Here we go. The results of the experiment.
Ways in which the AI is playing by different rules,
or is being treated by monsters differently than the player.
(on Challenging difficulty, in version 1.0)
* The AI can see the map without scouting.
Confidence: High
Reasoning: constant flow of pioneers towards valuable tiles or resources that the AI cannot possibly have scouted, ceasing as soon as the player claims the tile/resources. Observed three times.
* The AIs can settle where the player cannot.
Confidence: Beyond Doubt
Reasoning: Observed.
* The AIs receive bonus essence when they settle a city
Confidence: Beyond Doubt
Reasoning: Observed
* Monsters are less likely to attack an AI army than a player army
Confidence: High
Reasoning: On two separate turns (83 and 104) there were at least one player army and one AI army next to monsters. In one case, it was a stronger player army, and a weaker AI army.
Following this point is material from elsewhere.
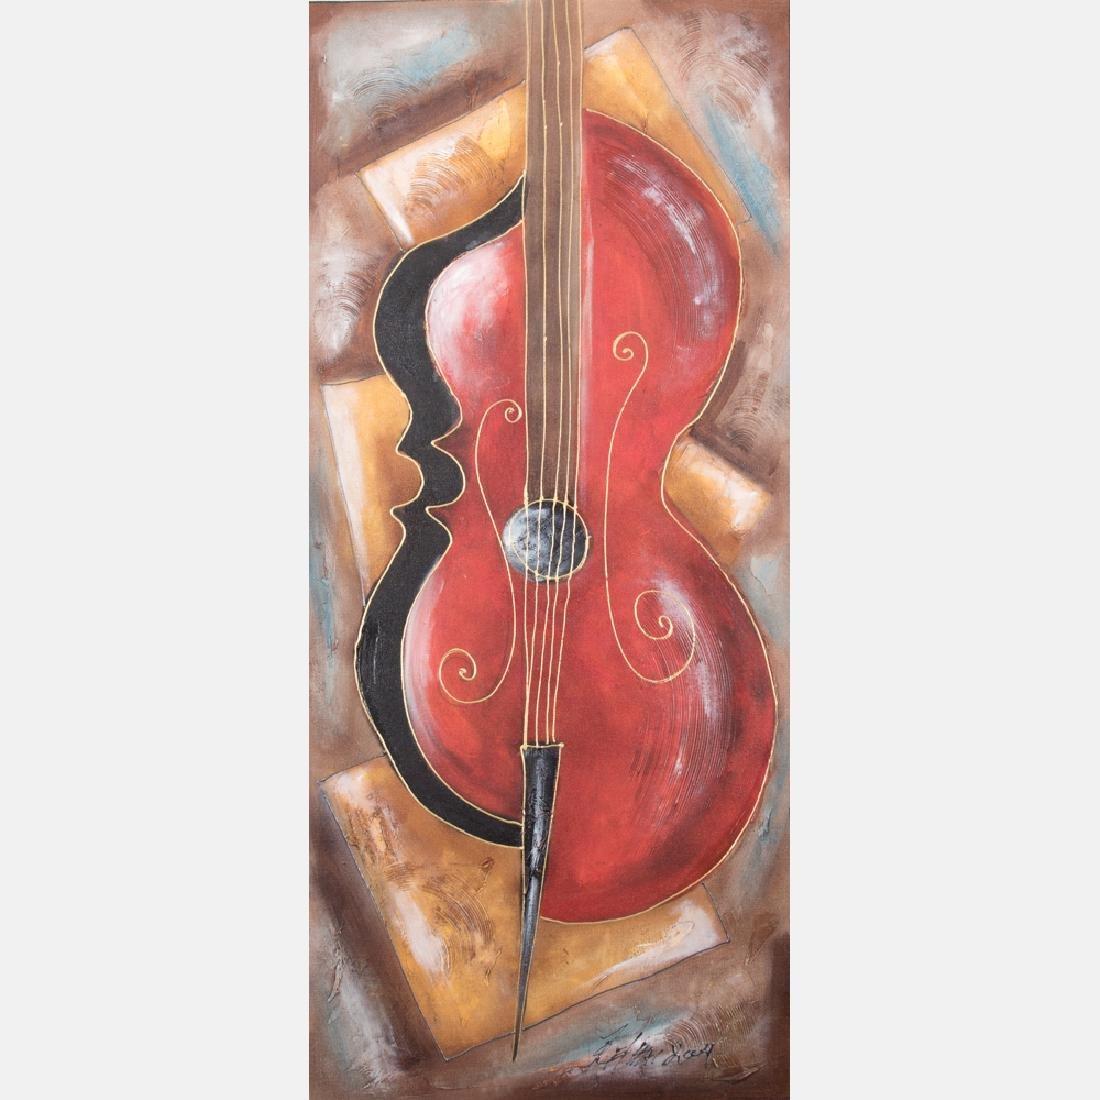 Oz El Hai (20th Century) The Solo Bass, Oil on canvas,

In the second case, it was an average player army, one weaker AI army and a stronger AI army.
In the first case, the player army got attacked 6 times out of 6 (7/7 if you count the canon turn)
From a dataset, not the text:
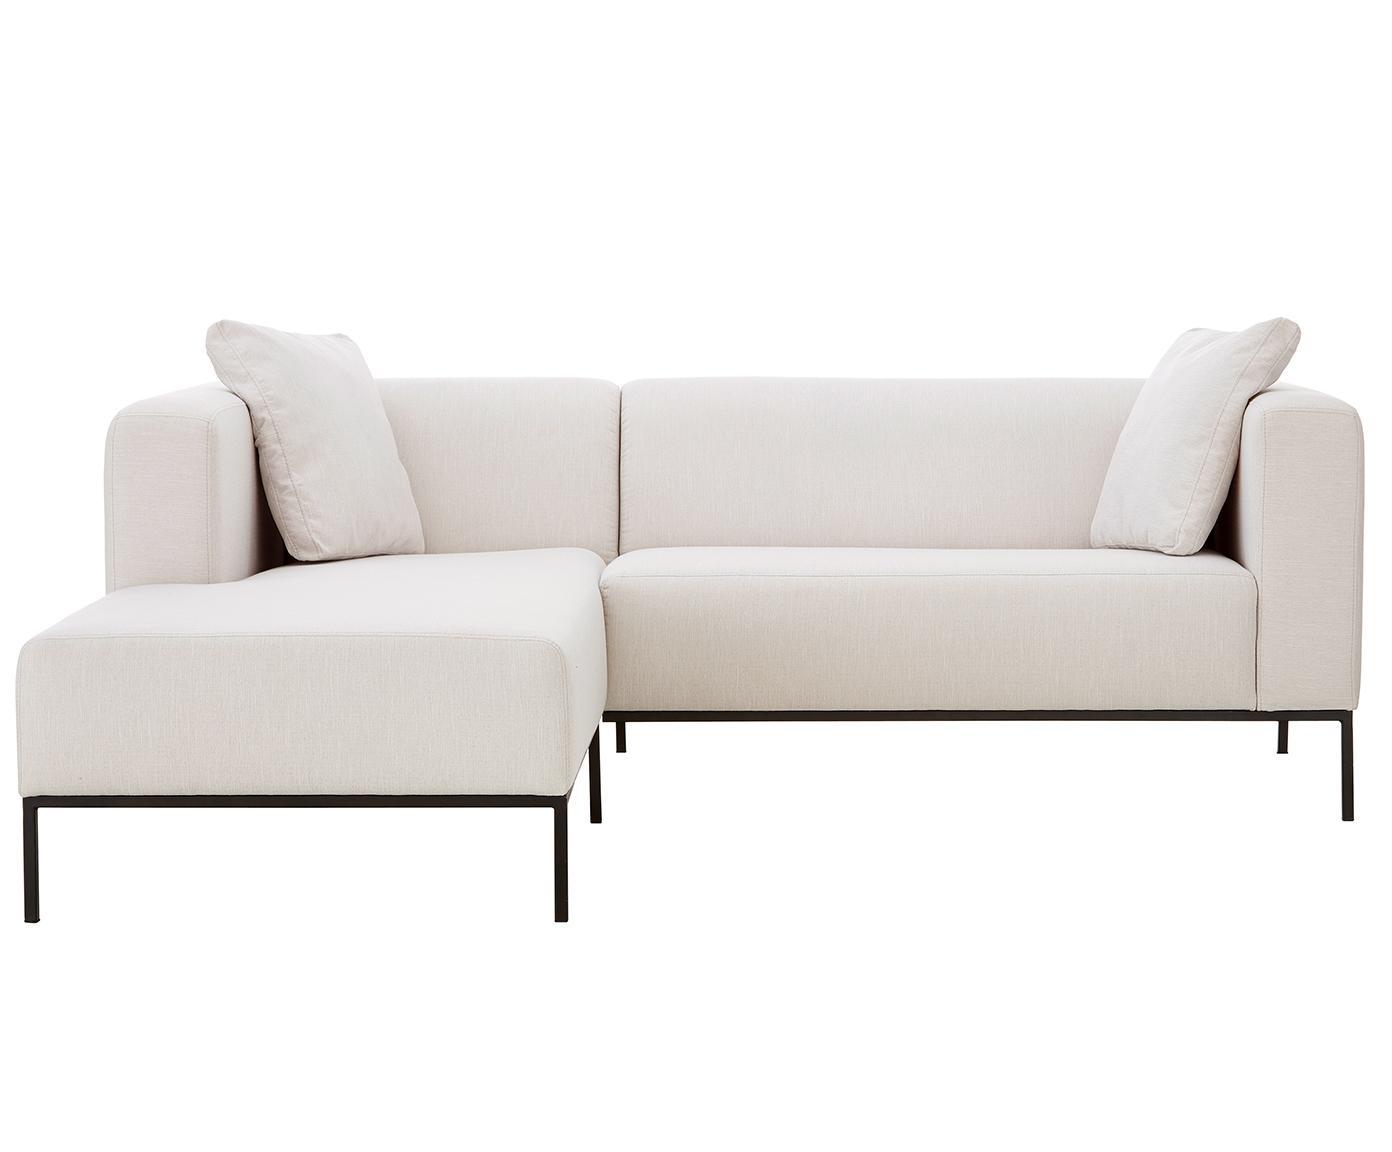 Hoekbank Carrie, Bekleding: polyester, Frame: spaanplaat, hardboard, mu, Poten: gelakt metaal, Webstoff Beige, B 241 x D 200 cm

In the second case, the player army got attacked 5 times out of 7. (8/10 if you count the canon and the two crashes on that turn) The weaker AI army got attacked three times. The stronger AI army never got attacked.
* AI rushes production without paying for it
Confidence: Beyond Doubt
Reasoning: Observed.
* Monsters target player cities more often that AI cities
Confidence: High
Reasoning: Every single time that a monster lair containing an army stronger that a city garrison was disturbed by the player dominion, after 4,5,5,3 turns, the monster headed towards the nearest player city. In the replays, when the city did not get reinforced, the monster attacked in 5 out of 8 cases as soon as it reached the city. In two more cases it attacked a few turns afterwards.
In the replays, I saw at least 7 instances of monsters staying in their lairs 10 or more (up to 30) turns after their lair was covered by the city's influence. In only two cases did monsters destroy AI cities. In one case, the city was built in the path the monster was already traveling.
Note: This was by checking saved turns from the canon play through. As soon as I removed the fog of war, the monsters seemed to become active much earlier. Monsters would also become active if a player unit approached an already disturbed lair (the player unit would be two tiles away, but the lair would have been in AI dominion for a while.) If I were working on this game, I would check into FoG mattering where it should not.
* AIs gang up on the player in war.
Confidence: Low
Reasoning: I was consistently near the top of the pack. No one attacked me. The AIs ganged up on Kraxis as I was crushing it. If the AIs gang up, it's on weaker nations, not on the player specifically. Of course, with all the ways the AI gets an advantage, it's easy for a player to end on the bottom.
* AIs get (at least) research bonuses
Confidence: Average
Reasoning: Altar did too well against me. I had more cities, I was developing them pretty well, prioritizing research, and I had conquered extremely nice conclaves from Resoln, Yithril and later Kraxis. According to the debriefing graph, I had passed Altar's research around turn 100, and never looked back.
Still, if I started a trade, and traded all tech with Altar (both theirs and mine) a few turns later Altar would have twice the tech to trade, even if I would first get all the tech from Guilden and Tarth (paying only resources for it) Altar and I were both researching civilization.
I may be missing something here, which is why my confidence is only average.
* Monsters seem to be seeded around the player but not around the AIs
Confidence: Average
Reasoning: When I reveal the map, I do not see any really dangerous monsters anywhere but around my position. The only dragons and slag are either part of wildlands, or within 12 tiles of my starting position. It may be completely random, though.